#### TO DO:
The material below is to be copied exactly from the line with "Movemai uomo |" up to and including the line with "Tilley T4MO-1 Hiker s Hat cc0e9147ade", with nothing else kept and no pictures.

#### DATA SHOWN:
********

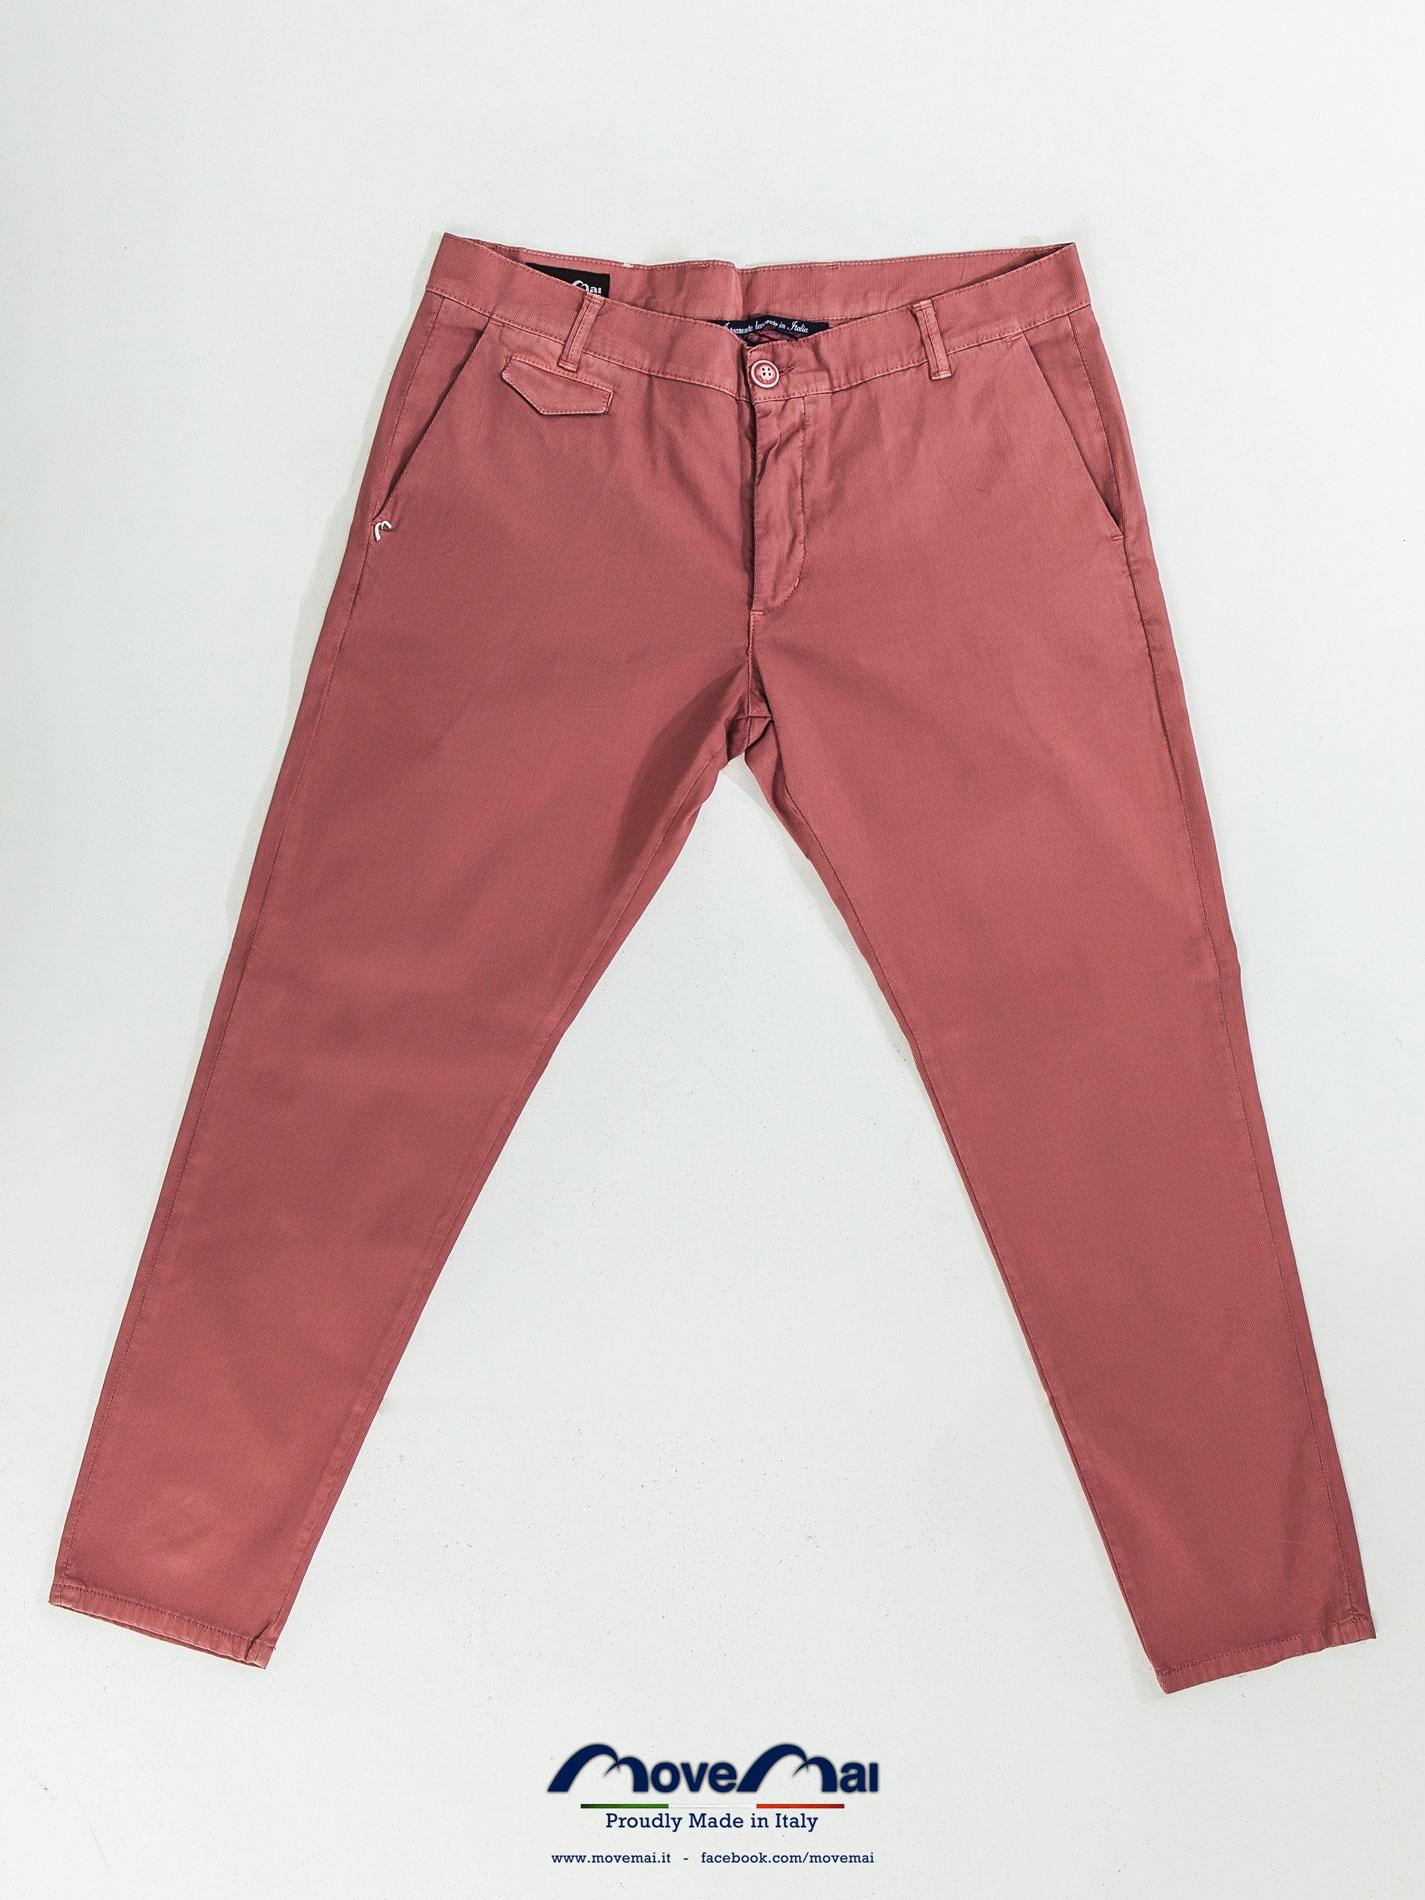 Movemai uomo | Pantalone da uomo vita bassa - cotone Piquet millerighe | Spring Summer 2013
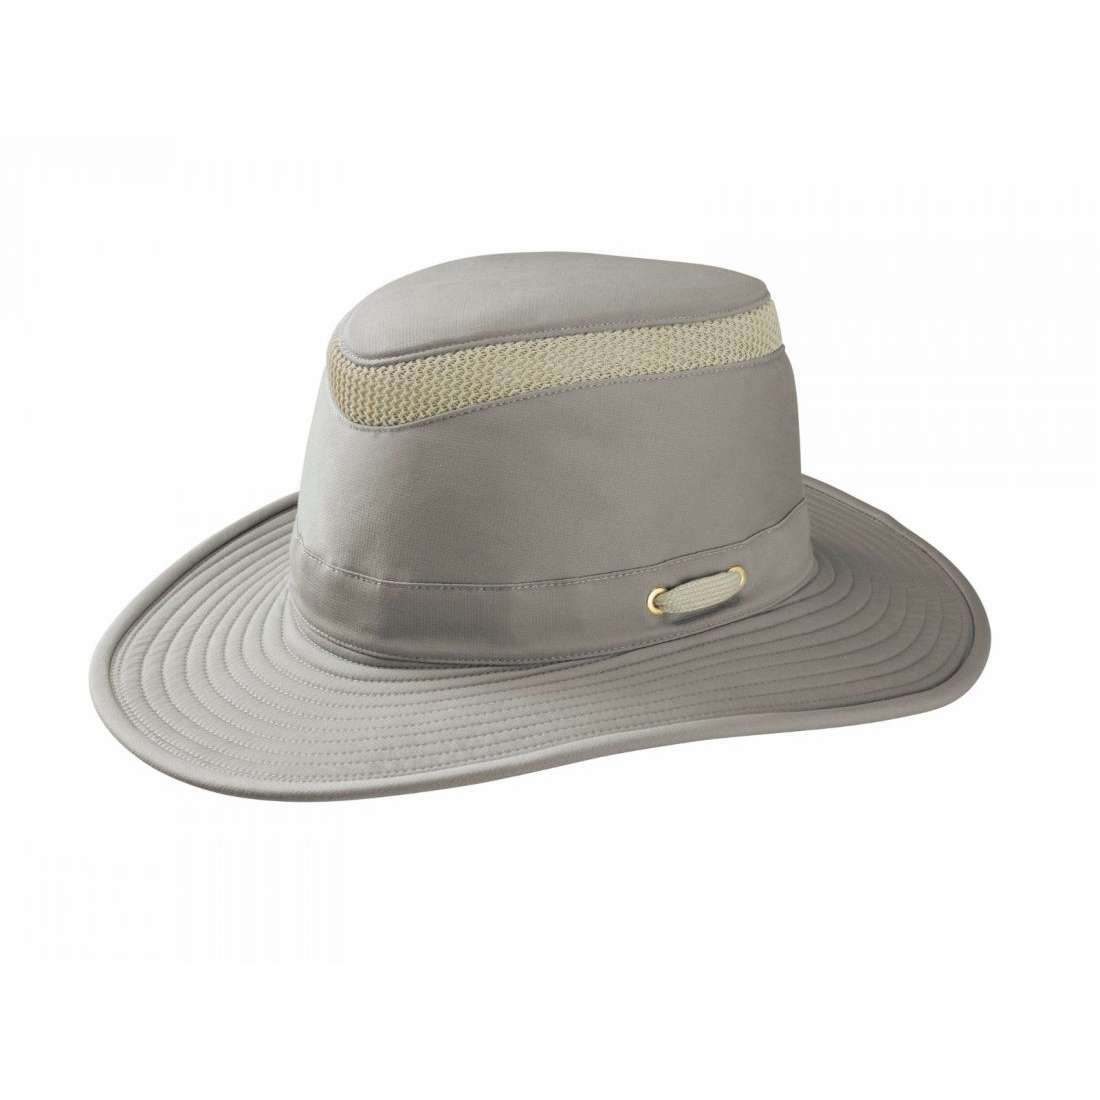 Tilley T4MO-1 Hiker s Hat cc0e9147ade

********

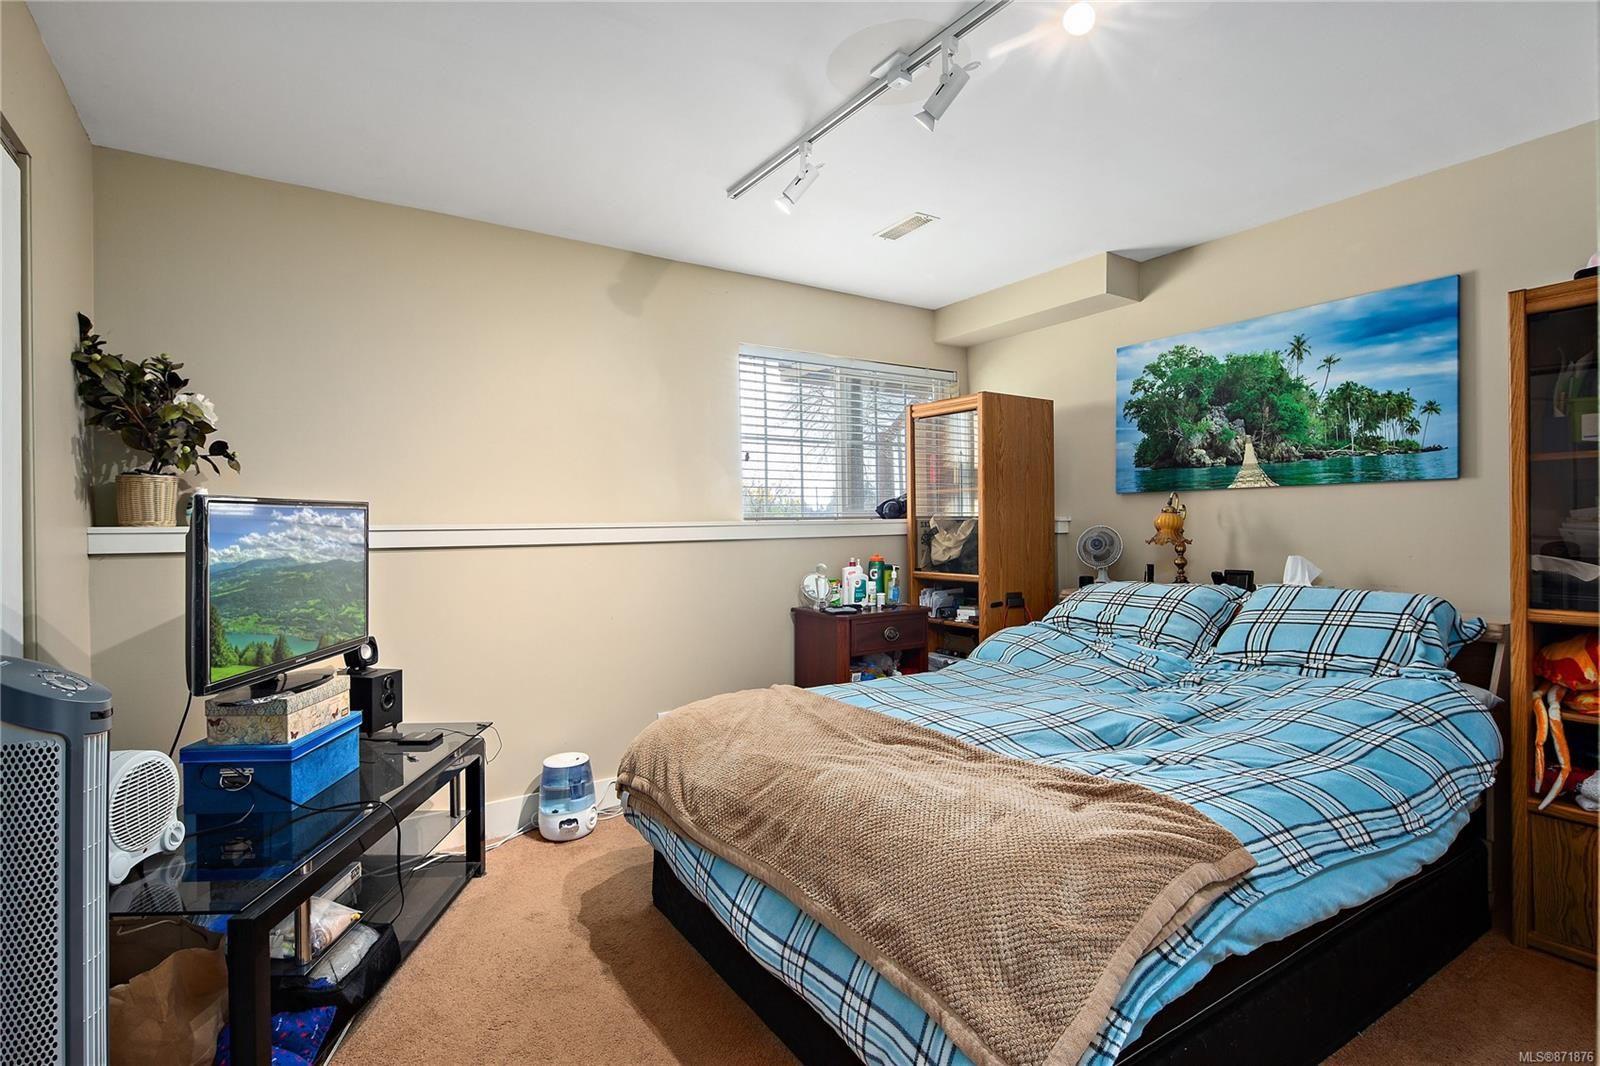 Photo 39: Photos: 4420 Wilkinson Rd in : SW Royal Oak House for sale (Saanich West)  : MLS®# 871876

********

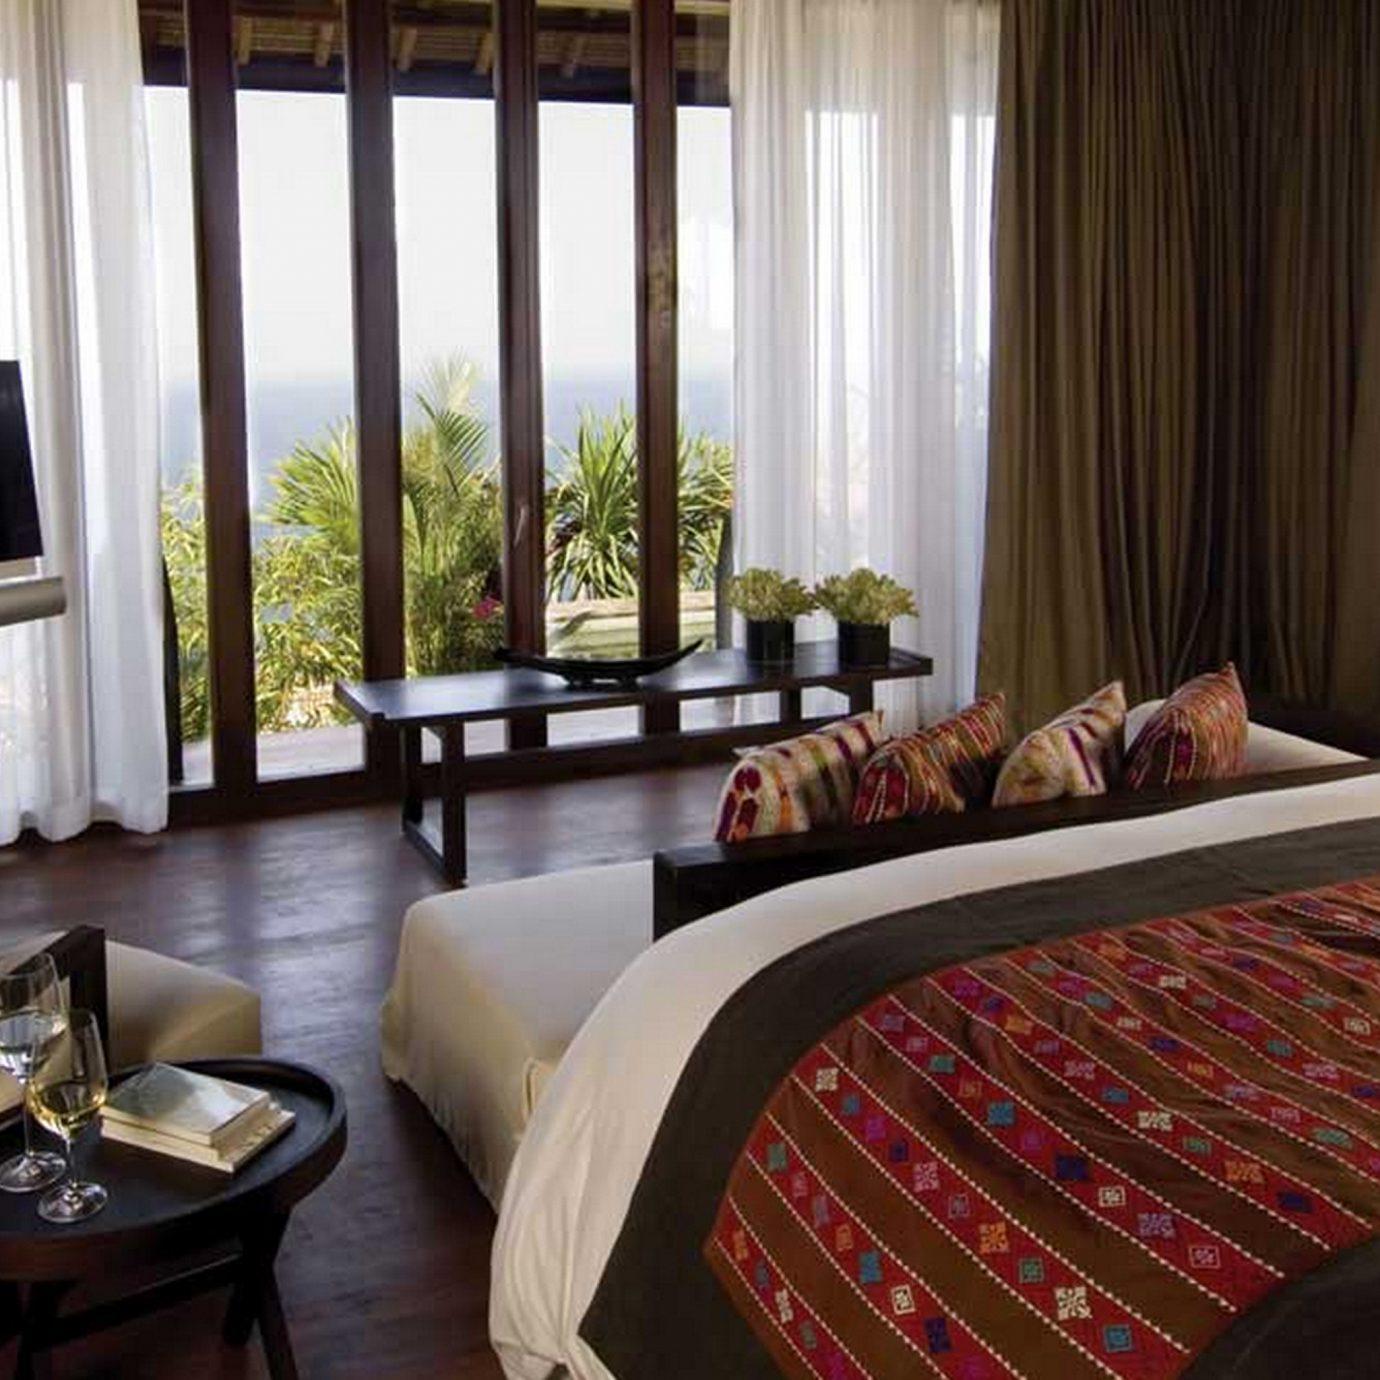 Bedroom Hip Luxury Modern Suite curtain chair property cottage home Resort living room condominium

********

#### ANSWER TO THIS TASK:
 Movemai uomo | Pantalone da uomo vita bassa - cotone Piquet millerighe | Spring Summer 2013
 Tilley T4MO-1 Hiker s Hat cc0e9147ade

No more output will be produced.